Il 3 maggio 2021, muore stritolata da un macchinario di una fabbrica tessile della provincia di Prato, la ventiduenne Luana D’Orazio.
Giovedì 5 maggio, muore schiacciato dagli ingranaggi di un tornio di un’azienda di Busto Arsizio, Christian Martinelli.
Il giorno successivo, mentre lavorava in un cantiere della provincia di Bergamo, perde la vita Maurizio Gritti, di 46 anni.
Venerdì 7 maggio, è la volta di Andrea Recchia, un operaio di 37 anni, che perde la vita lavorando in un’azienda di mangimi di Sorbolo, mentre sempre lo stesso giorno, a Gubbio, Samuel Cuffaro, di 19 anni ed Elisabetta D’Innocenzo di 52, muoiono a seguito di una deflagrazione, in una fabbrica ove lavoravano ed in cui veniva prodotta cannabis legale.
E’ sabato 8 maggio, quando, ancora una volta nella bergamasca, a seguito della rovinosa caduta da un ponteggio, che era stato allestito in un cantiere di un centro commerciale, muore Marco Oldrati di 52 anni.
Purtroppo, la lista è molto lunga e le vittime appena citate, sono solo la punta dell’iceberg che fa solo parte degli allarmanti dati che riguardano l’interminabile scia di morti bianche che ha interessato questi ultimissimi giorni.
Non trascurando poi, il verificarsi di centinaia di migliaia di infortuni sul lavoro all’anno, non mortali e di diversa gravità.
Ora, tralasciando fiumi di statistiche e montagne di letteratura sull’argomento, secondo i dati forniti dall’INAIL, relativi ai primi tre mesi di quest’anno, gli incidenti sul lavoro con esito mortale, sarebbero stati 185, più di due al giorno, a fronte dei 166 dello stesso periodo dell’anno precedente (l’11,4% in più), che poi si è concluso con oltre 2.000 vittime. Insomma, sembrerebbe di essere ben lontani da quei dati di un decennio fa, che inducevano a qualche speranza in più per aver portato le morti bianche, sotto la pur considerevole quota delle mille vittime.
Come detto, l’argomento è molto complesso e la statistica la fa da padrone con le sue mille e mille variabili che vengono applicate per un’indagine ad un determinato campione di popolazione di riferimento.
A tal proposito, la pandemia ancora in atto, per quanto concerne l’anno 2020, ha stravolto i numeri delle vittime sul lavoro, ampliando notevolmente la platea, con quelle avvenute tra le fila del personale medico e paramedico che ha contratto sul lavoro il COVID-19.
Tuttavia, non è questo il senso del mio intervento, che pur dimostra anche in quest’ultimo caso, che qualcosa, o forse meglio, più fattori, non hanno funzionato come avrebbero dovuto, con ogni probabilità prendendo di sorpresa, anche il campo sanitario, che in particolare agli inizi della diffusione del nuovo virus, non ha adottato, o lo ha fatto solo parzialmente, anche per la mancanza di un piano pandemico nazionale aggiornato, le cautele ed i protocolli necessari, a tutelare l’incolumità degli stessi operatori sanitari.

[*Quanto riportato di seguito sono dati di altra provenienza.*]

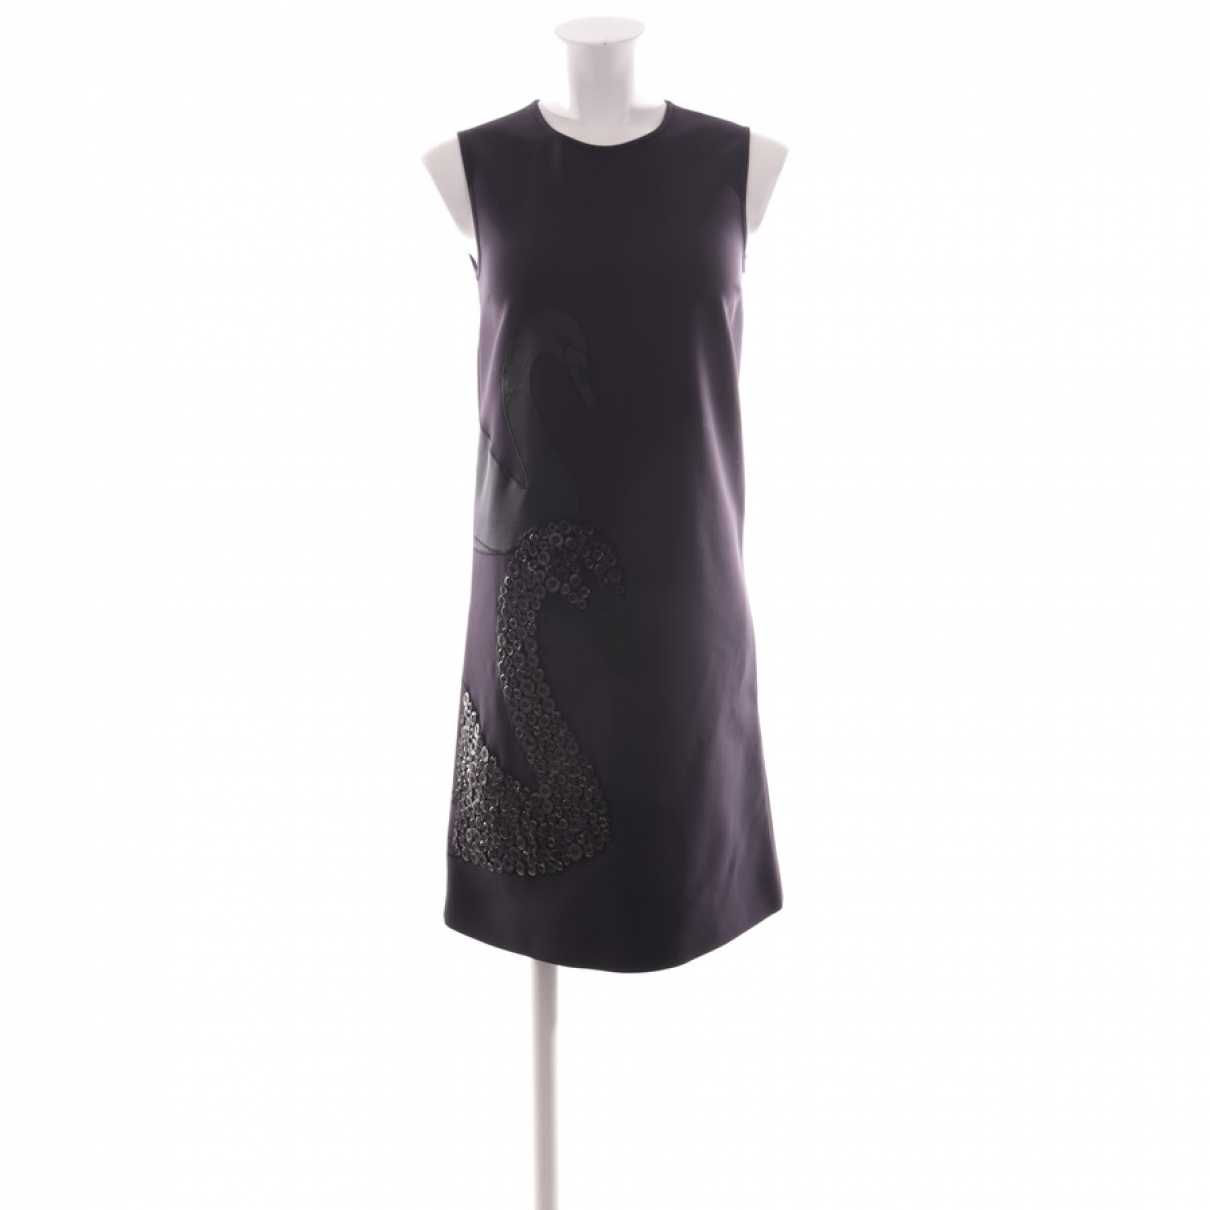 Victoria Beckham \N Purple dress for Women 32 FR

Posto quanto al punto precedente, come accennato in apertura, le vittime sul lavoro, continuano a riempire le cronache nere dei media in un inesorabile bollettino di morte giornaliero, che in questo periodo è forse velato dall’incessante e quanto mai martellante comunicato quotidiano, relativo ai numeri della positività alla pandemia ed a quelli dei decessi avvenuti, per i quali i media, sanno bene di avere numeri d’interesse, molto maggiori.
V’è da dire comunque, che le morti sul lavoro, non avvengono certo così per caso, un po’ in analogia a quanto accade in occasione del verificarsi di un incidente stradale, che salvo rari casi derivanti da improvvisi danni meccanici al veicolo e/o riconducibili ad eventi fortuiti ed imprevedibili, vengono a concretizzarsi perché qualcuno degli attori coinvolti, ha sbagliato, o non ha comunque osservato regole e norme del Codice della Strada.
Nel mondo del lavoro, accade più o meno la stessa cosa, inosservanza di regole e norme parziale, o addirittura essenza di prevenzione e protezione, unita in tanti casi, anche alla mancanza o corretta formazione dei lavoratori, unitamente all’insufficienza dei controlli.